I'd also prefer to keep it to the same level we have here right now. If I wanted a flame war, I'd go find some fundamentalist group and troll their forum.
First off, being who I am is not a choice any more than those 90% who are straight chose to be who they are. When exactly did you choose to be straight? I know I never chose to be who I am, and frankly, I don't know anyone who actually chose their preferences. It's just a fact.
There was a study done, oh, it's probably been about five years ago now, that demonstrated marked physical differences between women who were attracted to women (that would be both lesbians and bi) and those who aren't. I don't remember who did the study off the top of my head, but if anyone's interested, say so and I'll go find it again. Physical differences. It's not a behavior. It's genetic.
I don't have a problem with other people thinking there's something wrong with me. If you don't want me near your kids because you think my genetics are somehow a communicable disease, well *shrug* I don't care. I care about other people trying to make it a constitutional amendment that I don't deserve to be treated like a person. If your religion tells you it's wrong, great, don't have a gay marriage. My religion doesn't prohibit it, so why should your religion be legislated on me? You might as well pass a law saying that I count as 3/5 of a person in the census because I have red hair. It's just as nonsensical.
Tuins, I would much rather have you as a friend. Not everyone loves old books like we both do. But please understand that I am having more than a little trouble reconciling "I'm your friend" with "but I think that you, everyone like you, and everyone single who cohabits without marriage, regardless of gender preference, should have a Constitutional Amendment barring them from being considered a full human being."
rude, what I meant was, it's the mindset. The thing that IS a choice in the matter is whether or not to be in the closet. If I was so closed off and denied who I am, in any respect, I would be a terrible designer. I would second guess everything I did, oh, is that too fashionable, oh, is that too masculine a design? Was I careful enough in my explanation? Will they figure it out? And the "broader view" I mentioned is my ability to ignore social and intellectual boundaries. It's also part of the mindset. It's a result of looking at the world and realizing that the stupid compartments people make up to shove the rest of the world in are just that, made up. It evolved from realizing that just by existing as I am, I already transgress those boundaries. I do not feel constrained by the intellectual walls that say "you must solve all things this way and this way only". As Keith put it a couple weeks ago, for me there is no box.

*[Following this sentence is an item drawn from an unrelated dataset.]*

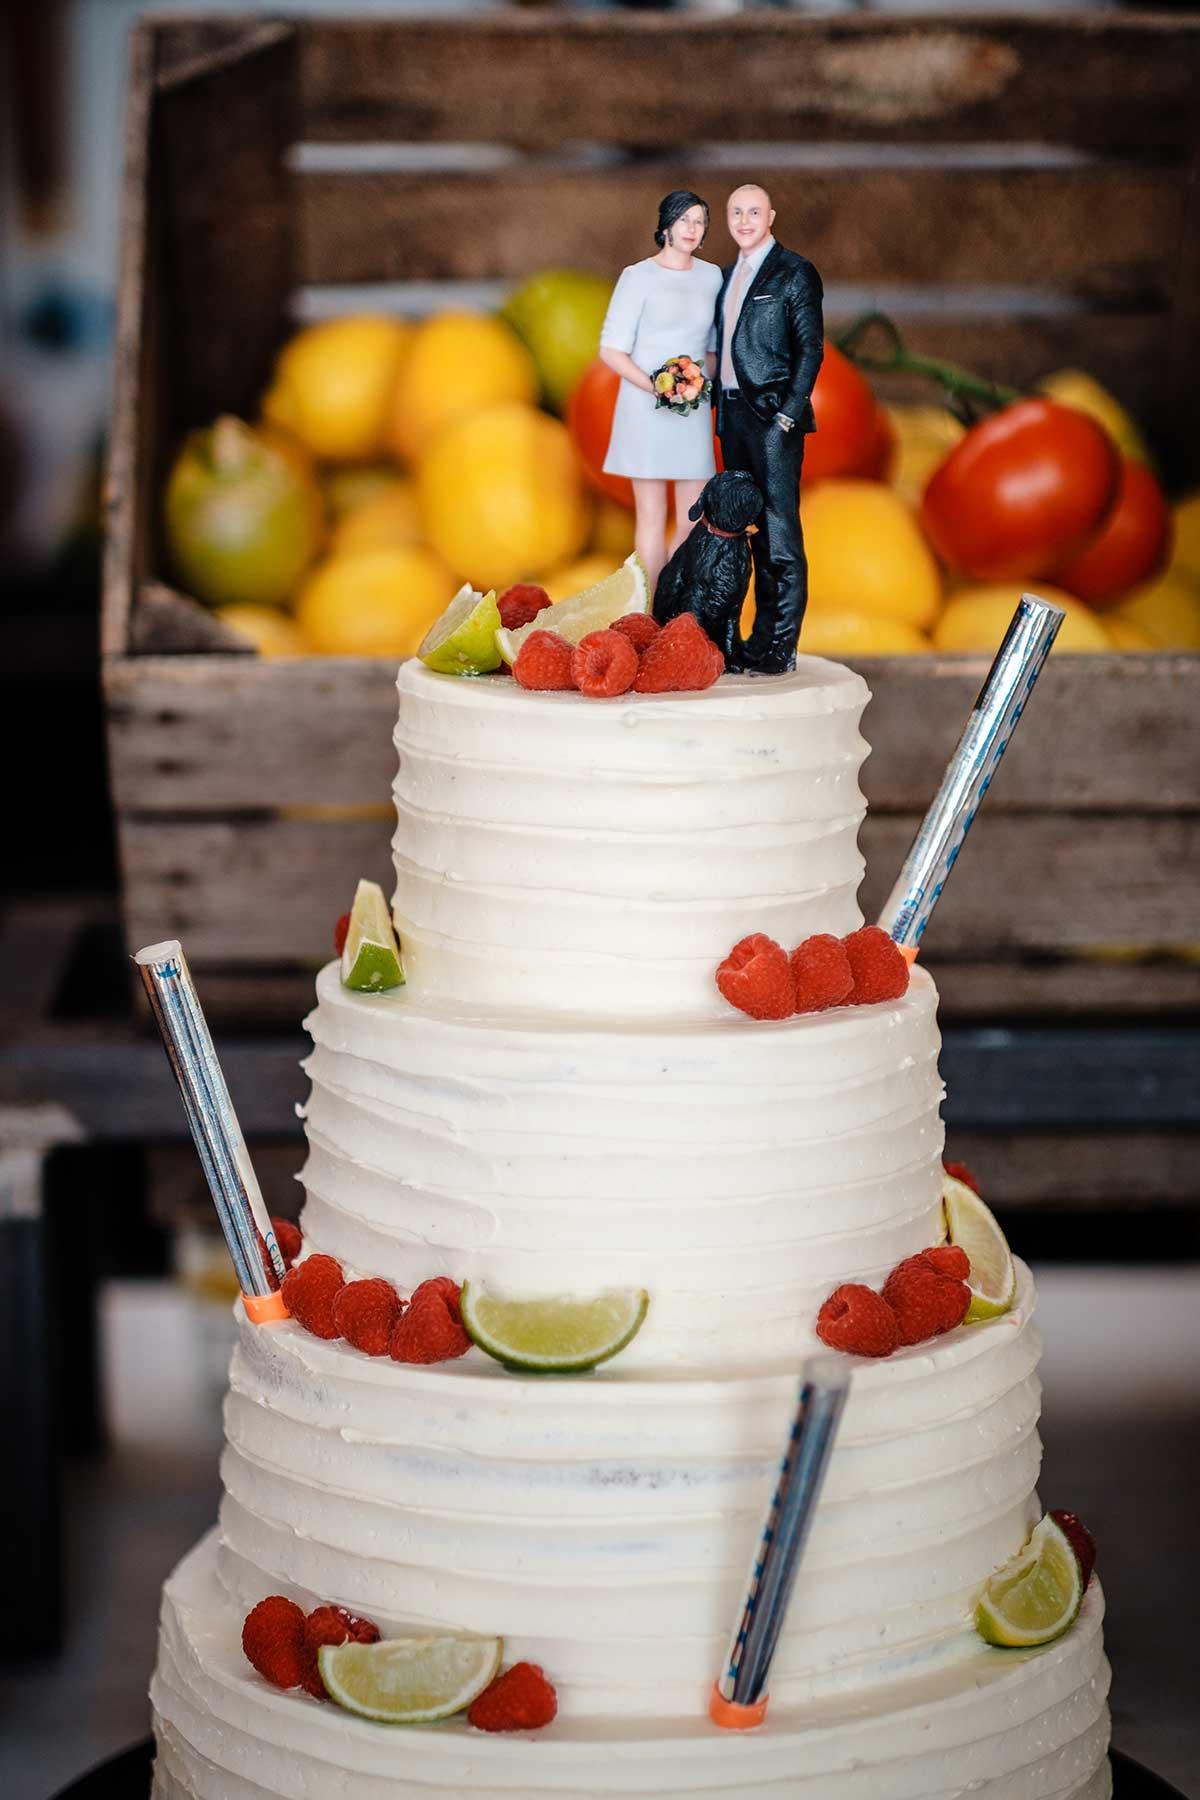 Personalisierter Caketopper als Abbild von Braut und Bräutigam
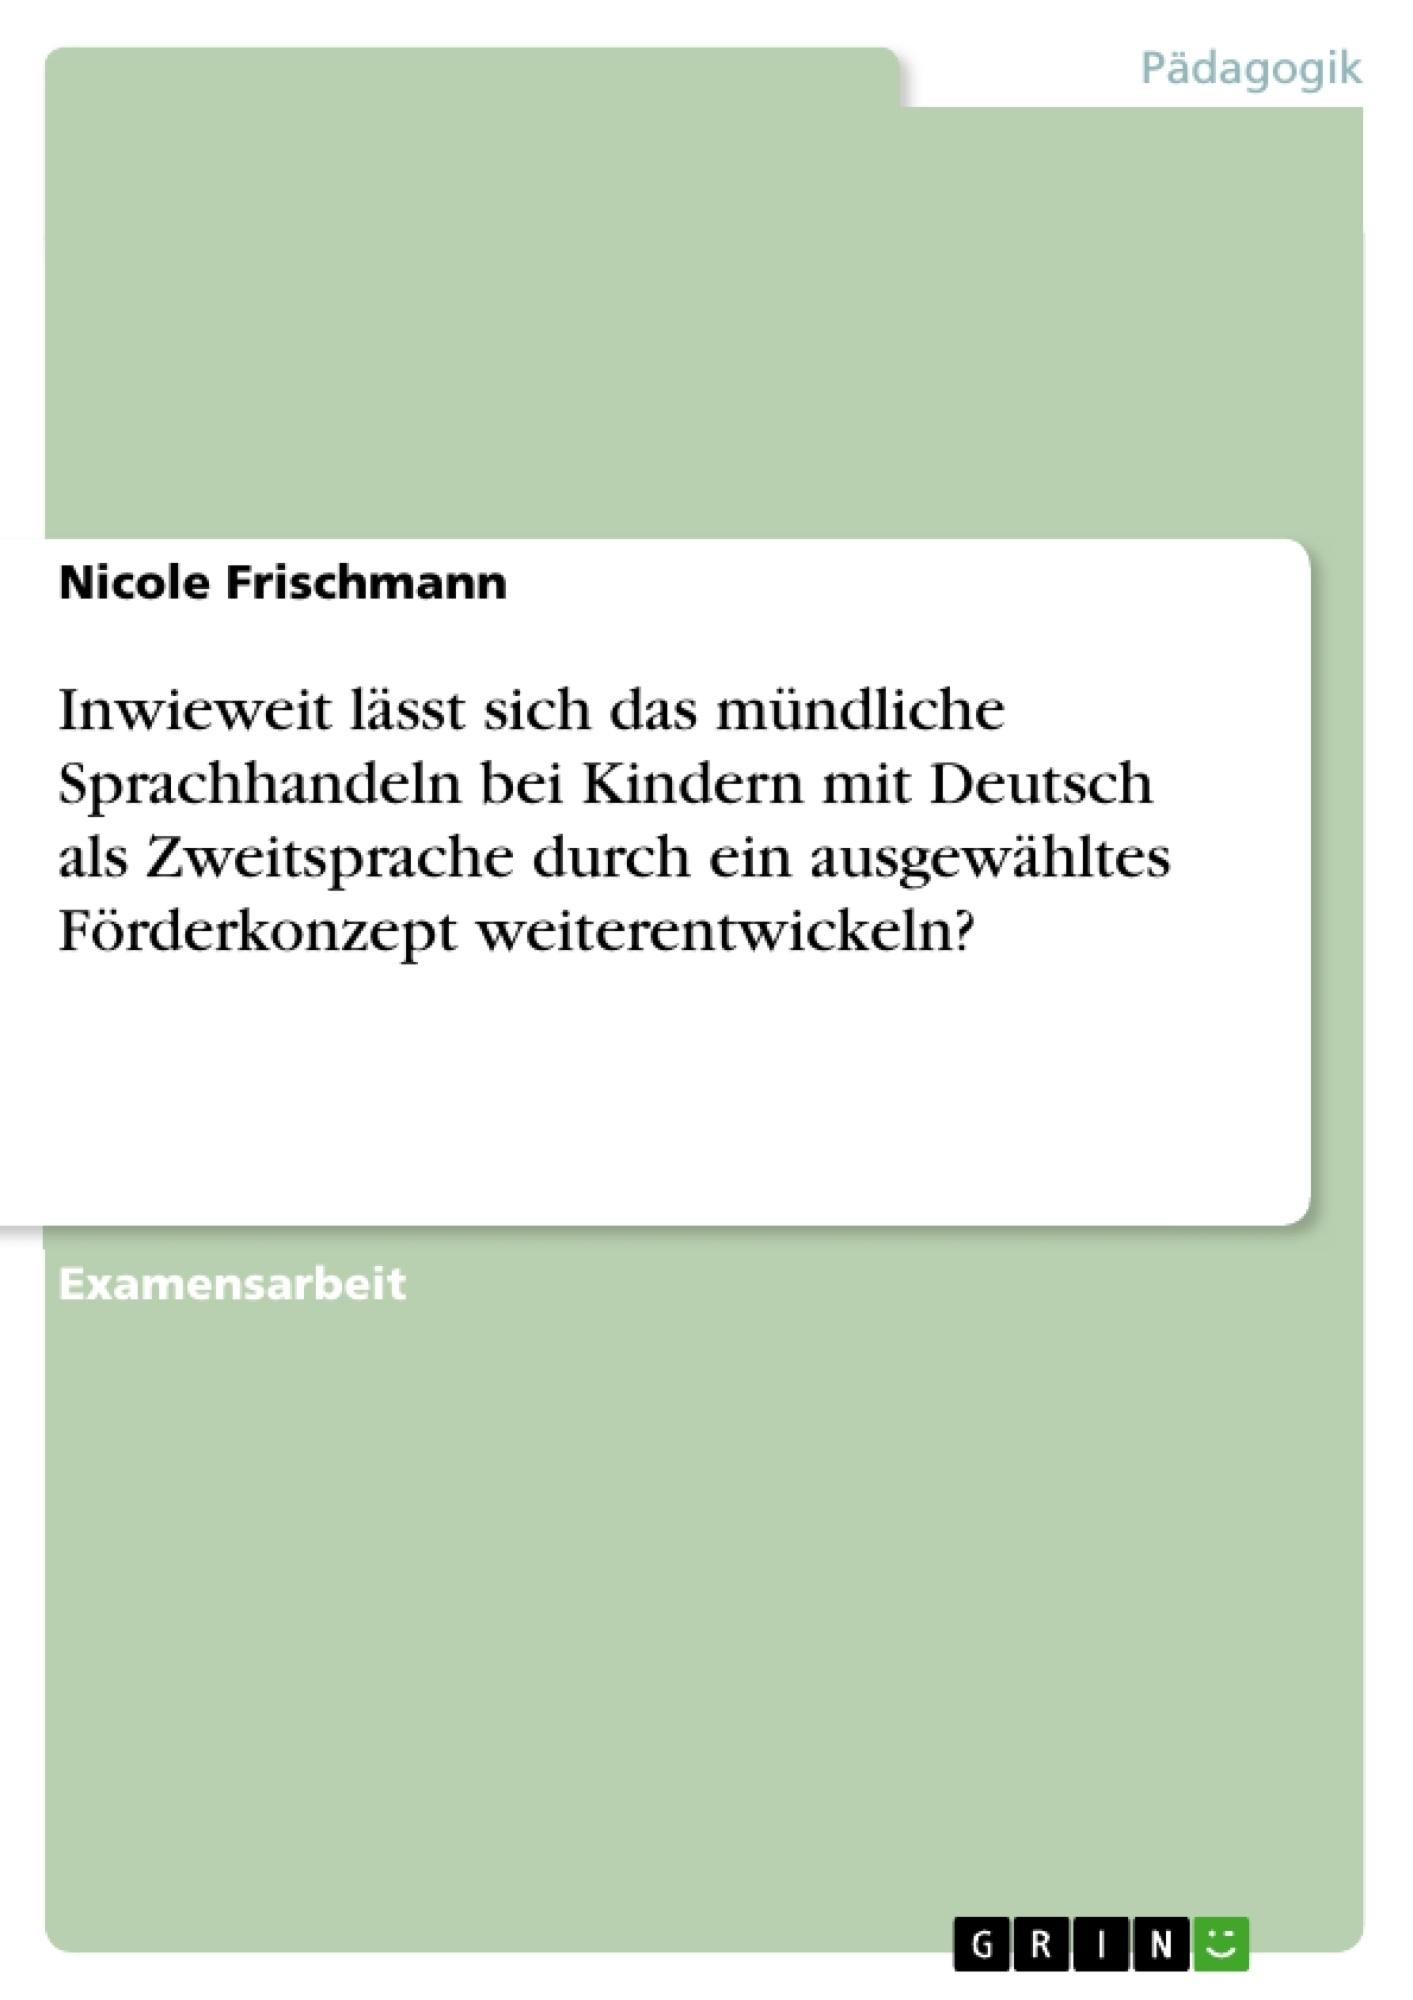 Titel: Inwieweit lässt sich das mündliche Sprachhandeln bei Kindern mit Deutsch als Zweitsprache durch ein ausgewähltes Förderkonzept weiterentwickeln?

And the reason the realities of life as glbt are harsh is because of people who make it that way. If people would, to be blunt, get their heads out of their @!!es and realize that people are just people and deserve to be treated that way, and all given the same opportunities, then life as glbt wouldn't be any harsher than life as a straight. Same is true for all minorities. It IS harsh. I have family who won't speak to me, who wouldn't let me hold their babies at the last family reunion, because they think I'll rub off on the child or something, I don't know why exactly. They're scared of what they don't understand, what's different from them, so I must be eeeeeeeeeeeevil incarnate. But you know what? I don't want their fundamentalism rubbing off on my son either, because as far as I'm concerned, they're nine-tenths of the reason this country has strayed so far from its founding principles. They make me wish there really was a hell so I could point and laugh when they end up there for judging others.
But that's neither here nor there. The real point is: Love is never wrong.